Depth Prediction Without the Sensors: Leveraging Structure for Unsupervised Learning from Monocular Videos

Published 15 Nov 2018 in cs.CV | (1811.06152v1)

Abstract: Learning to predict scene depth from RGB inputs is a challenging task both for indoor and outdoor robot navigation. In this work we address unsupervised learning of scene depth and robot ego-motion where supervision is provided by monocular videos, as cameras are the cheapest, least restrictive and most ubiquitous sensor for robotics. Previous work in unsupervised image-to-depth learning has established strong baselines in the domain. We propose a novel approach which produces higher quality results, is able to model moving objects and is shown to transfer across data domains, e.g. from outdoors to indoor scenes. The main idea is to introduce geometric structure in the learning process, by modeling the scene and the individual objects; camera ego-motion and object motions are learned from monocular videos as input. Furthermore an online refinement method is introduced to adapt learning on the fly to unknown domains. The proposed approach outperforms all state-of-the-art approaches, including those that handle motion e.g. through learned flow. Our results are comparable in quality to the ones which used stereo as supervision and significantly improve depth prediction on scenes and datasets which contain a lot of object motion. The approach is of practical relevance, as it allows transfer across environments, by transferring models trained on data collected for robot navigation in urban scenes to indoor navigation settings. The code associated with this paper can be found at https://sites.google.com/view/struct2depth.
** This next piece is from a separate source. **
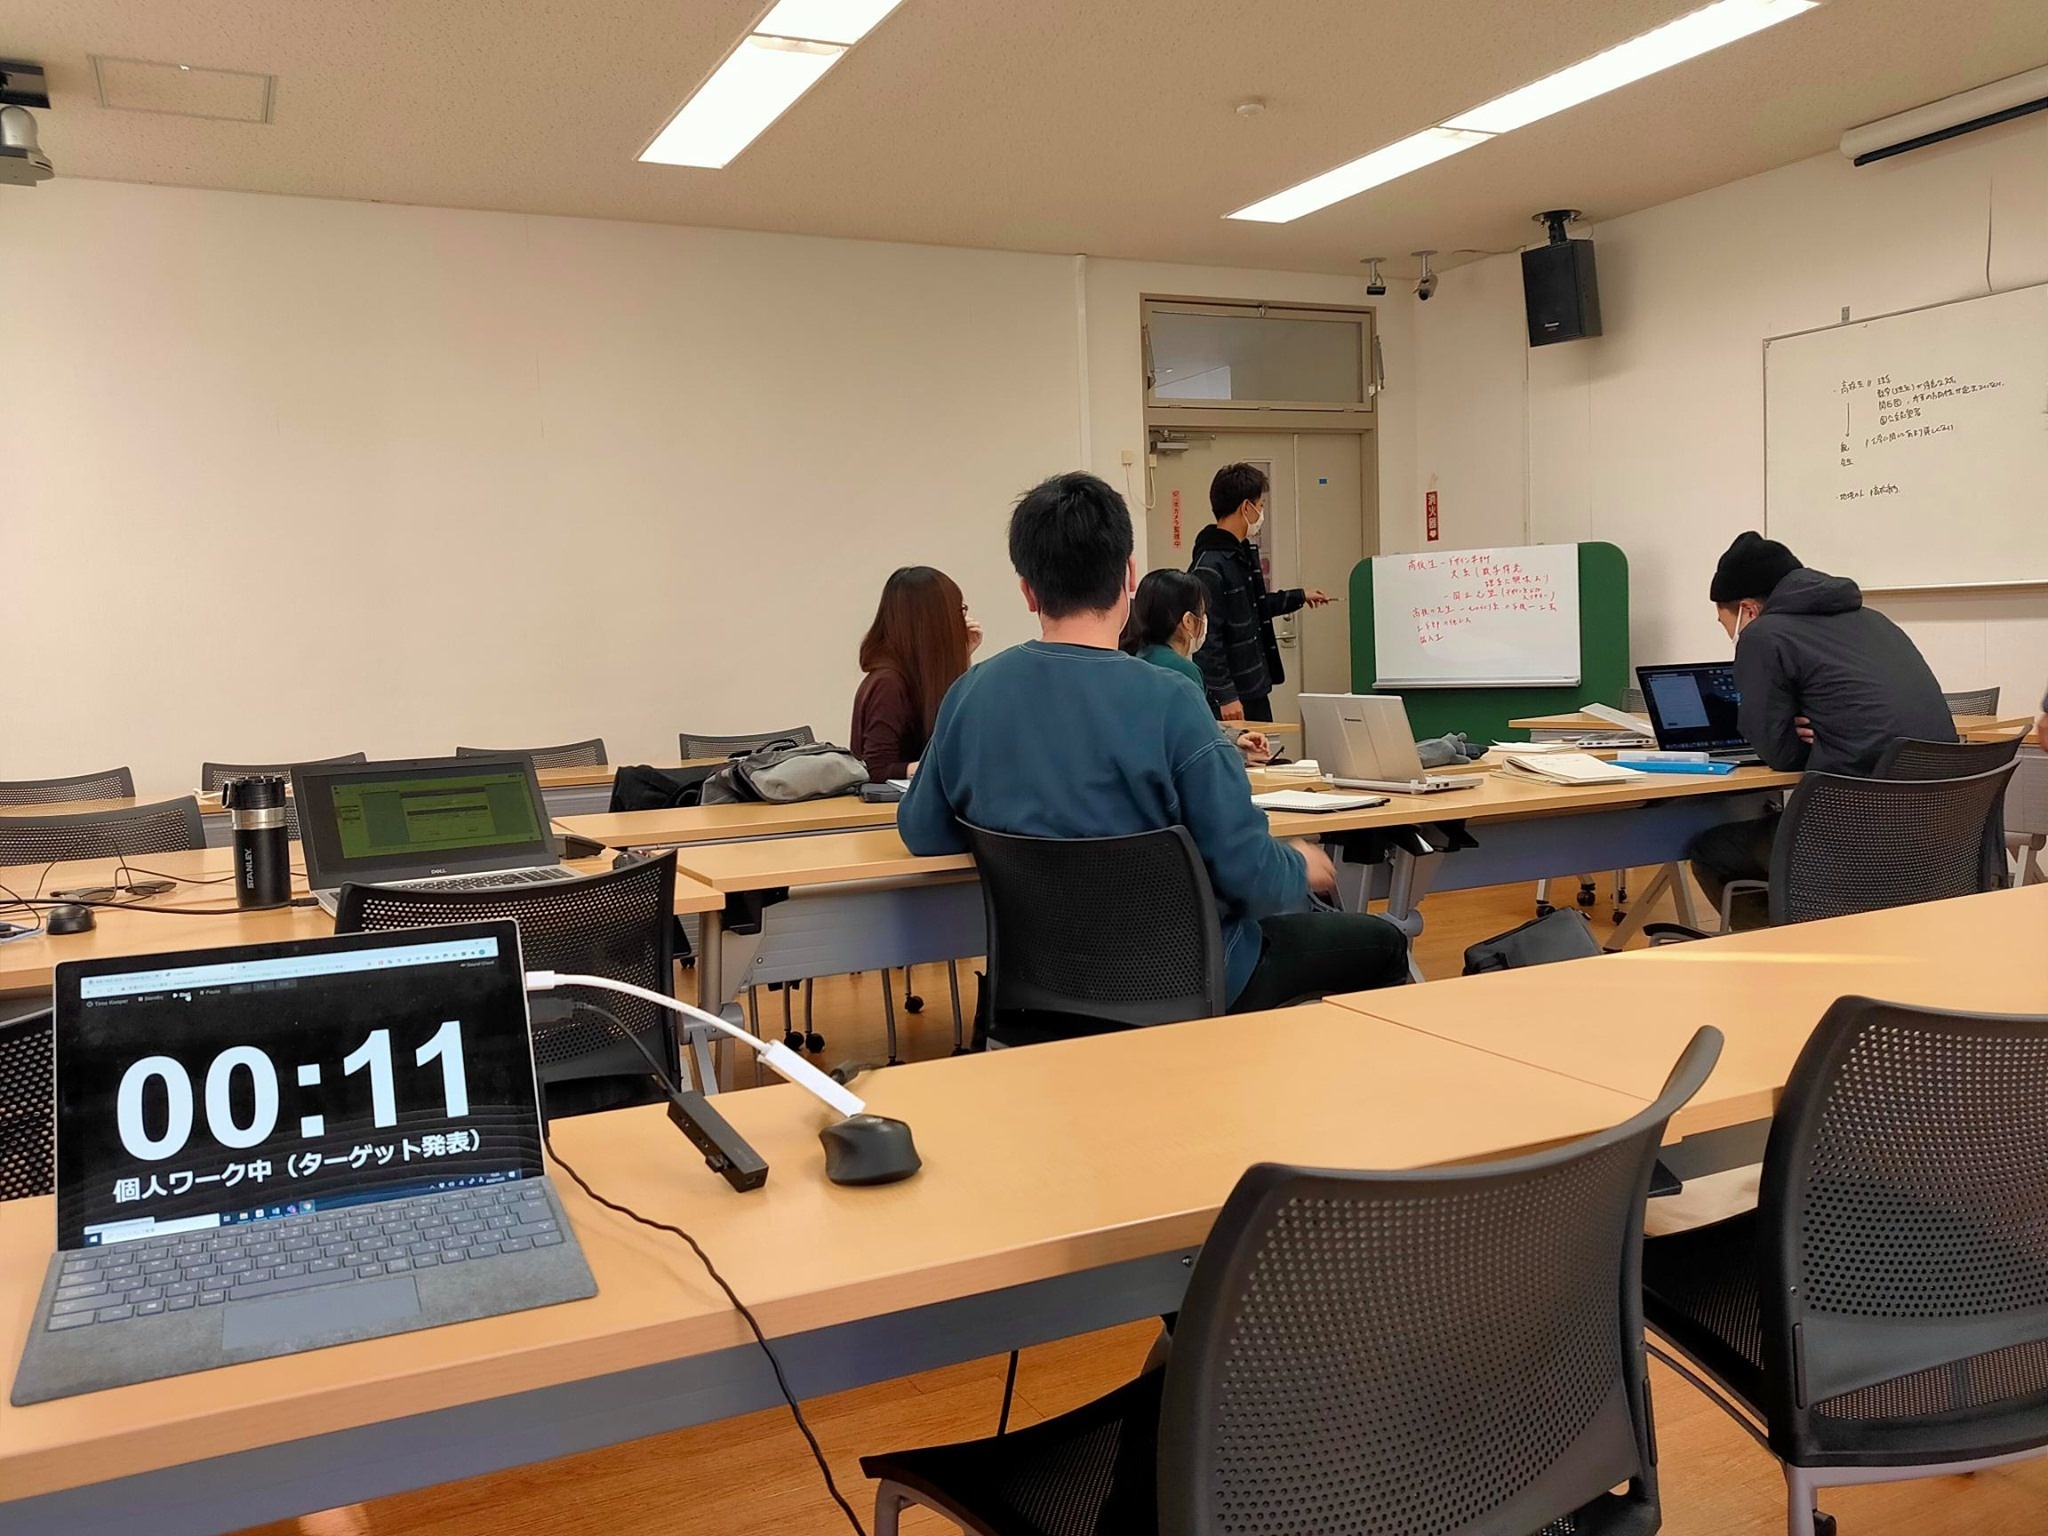 香川大学創造工学部が実施するPBL手法による授業に参加
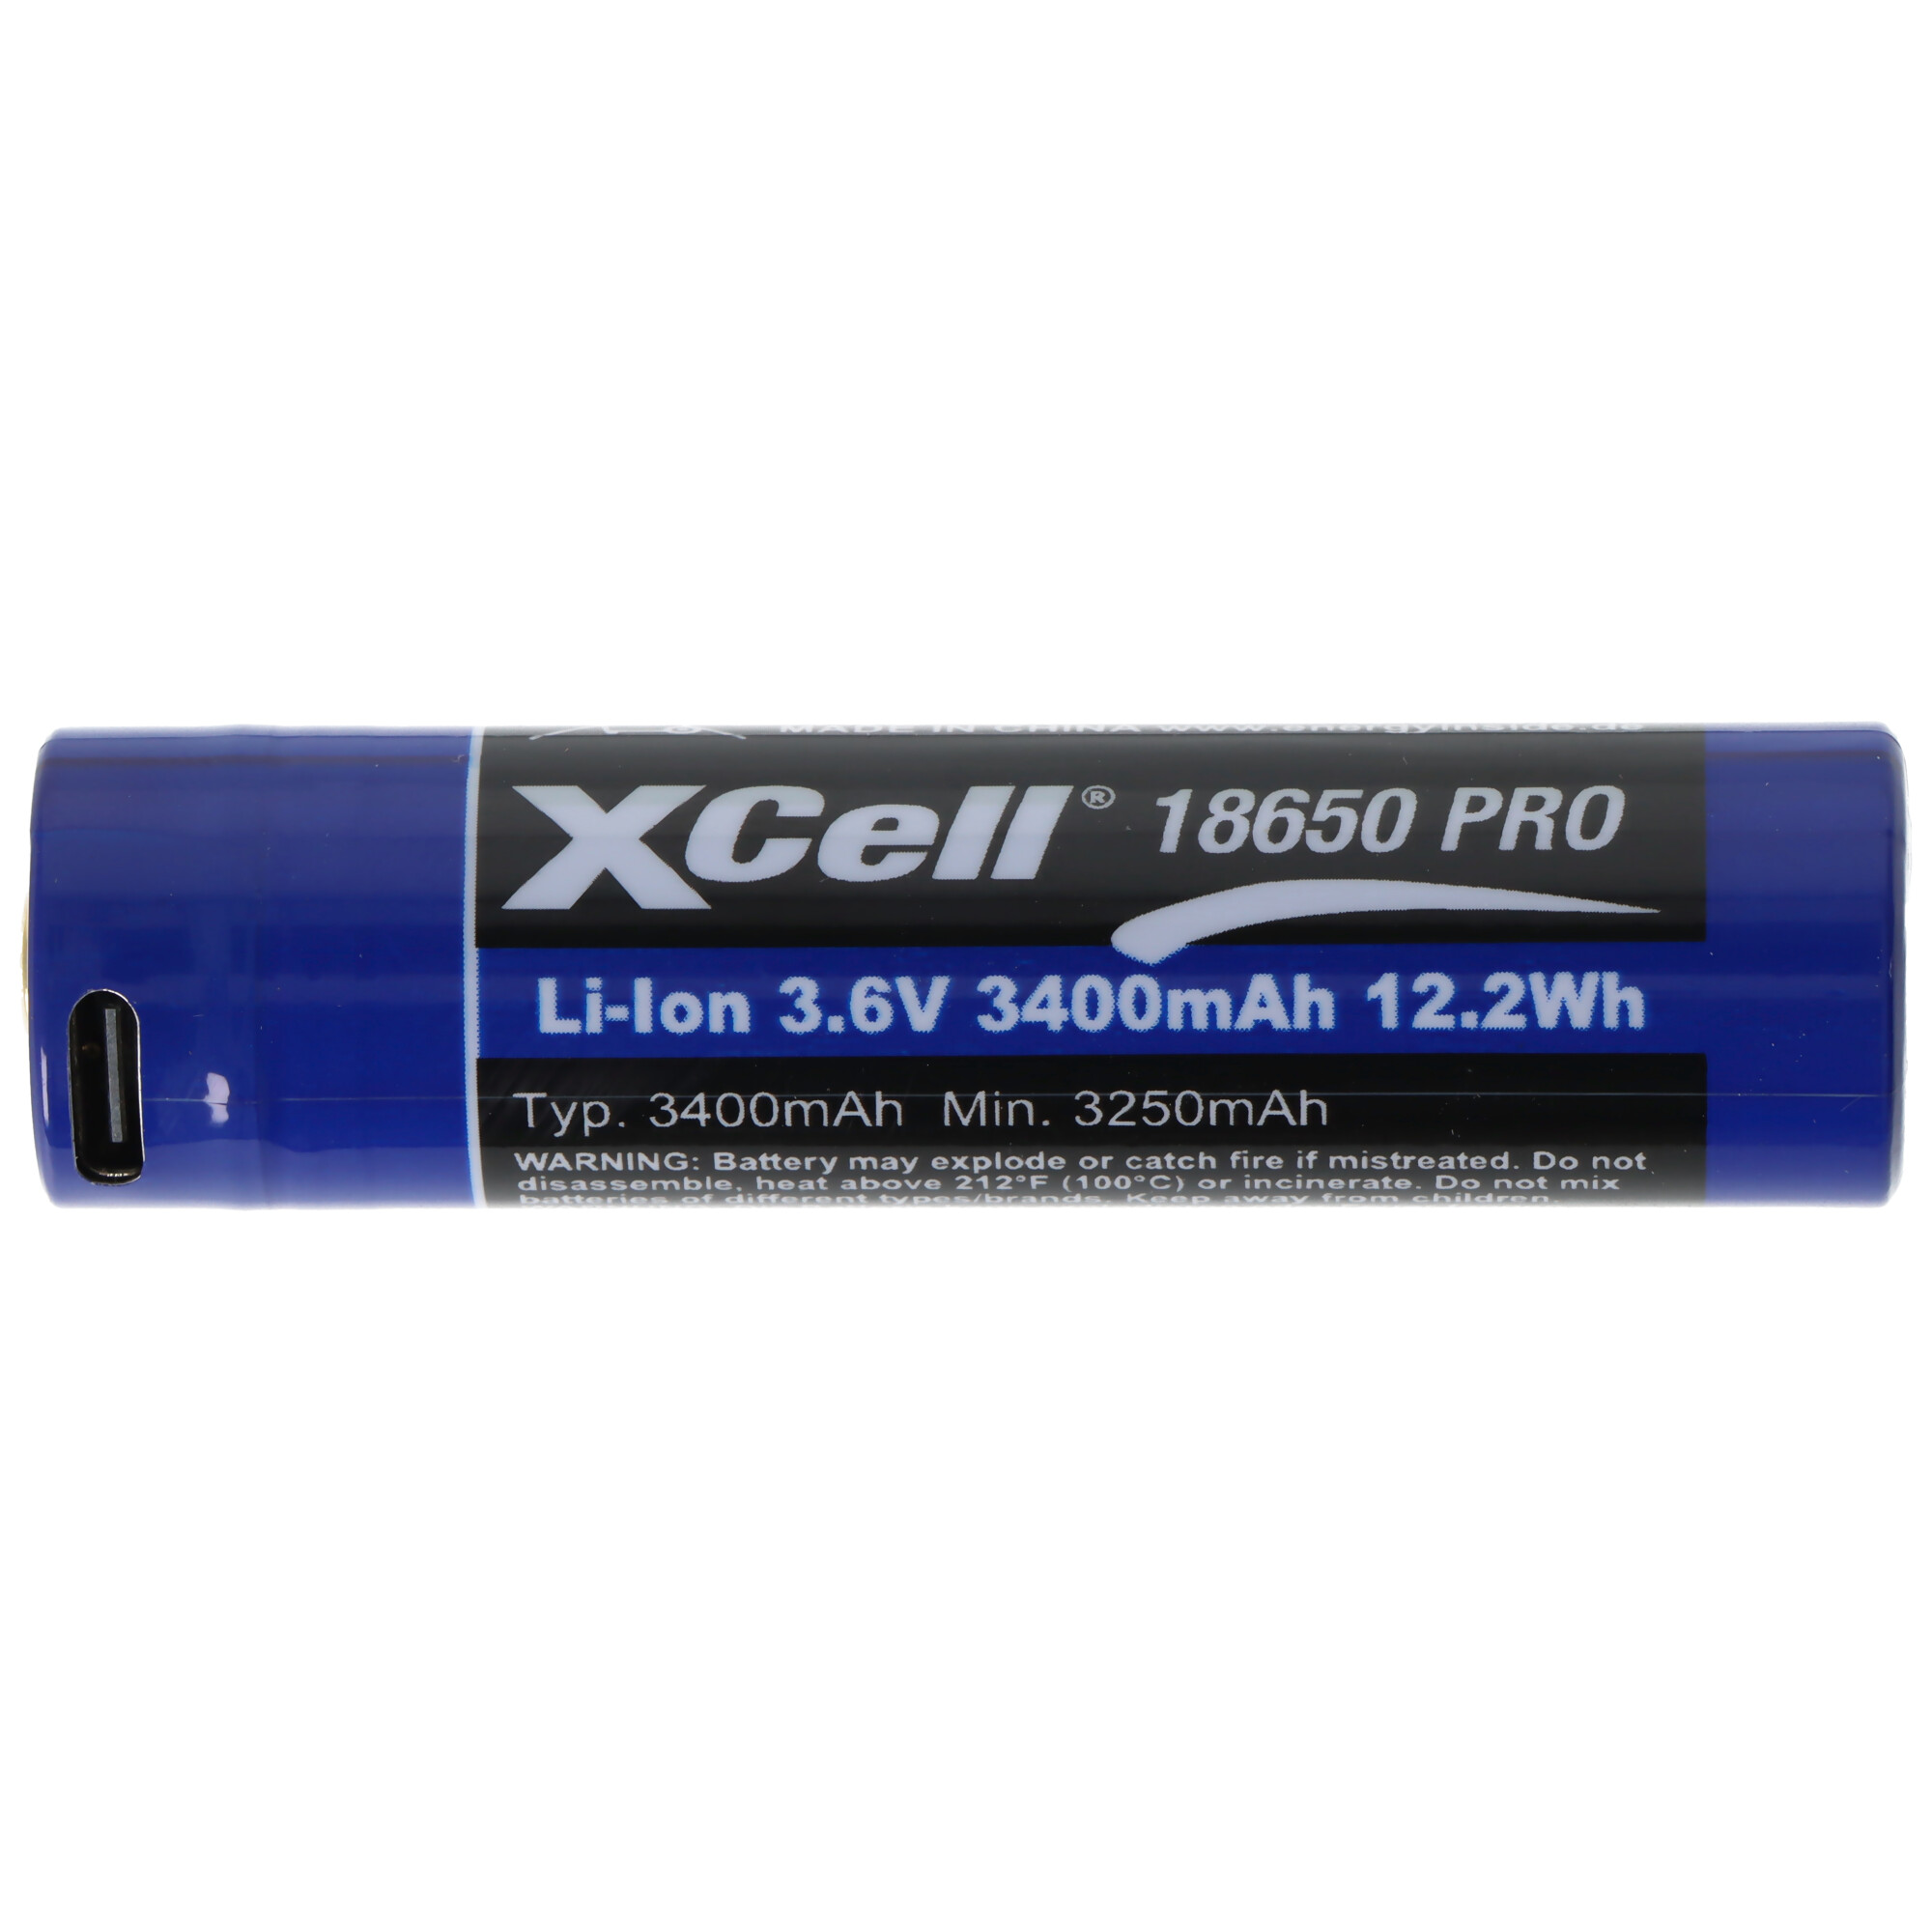 Pro 18650 Li-Ion Akku geschützter Li-Ion Akku, mit USB-C Ladebuchse, min. 3250mAh max. 3400mAh, 3,6 Volt, 71,1mm x 18,8mm

Abstract PDF Upgrade to Chat

Citations (451)

View on Semantic Scholar

Summary

The paper introduces a novel geometric structure-based model to estimate scene depth and camera motion from monocular videos without using depth sensors.
It integrates object motion modeling and an online refinement procedure to adapt predictions in dynamic and diverse environments.
Experimental results demonstrate reduced depth prediction errors and enhanced ego-motion accuracy on challenging datasets like KITTI and Cityscapes.

Depth Prediction Without the Sensors: Leveraging Structure for Unsupervised Learning from Monocular Videos

The paper "Depth Prediction Without the Sensors: Leveraging Structure for Unsupervised Learning from Monocular Videos" by Vincent Casser et al. presents a novel unsupervised approach to predict scene depth and robot ego-motion using only monocular video inputs. The absence of depth sensors, which are not always feasible in many applications due to their cost and restrictions, frames this study's importance. The authors introduce a technique that models both the geometry of the scene and individual object motions, overtaking limitations seen in prior unsupervised methods.

Core Methodology

The approach leverages geometric structure to enhance depth prediction and ego-motion estimation. Unlike previous models that tend to falter in dynamic scenes due to motion handling issues, this method integrates an explicit 3D motion model. The model learns from monocular video sequences, predicting object motion as well as camera movements.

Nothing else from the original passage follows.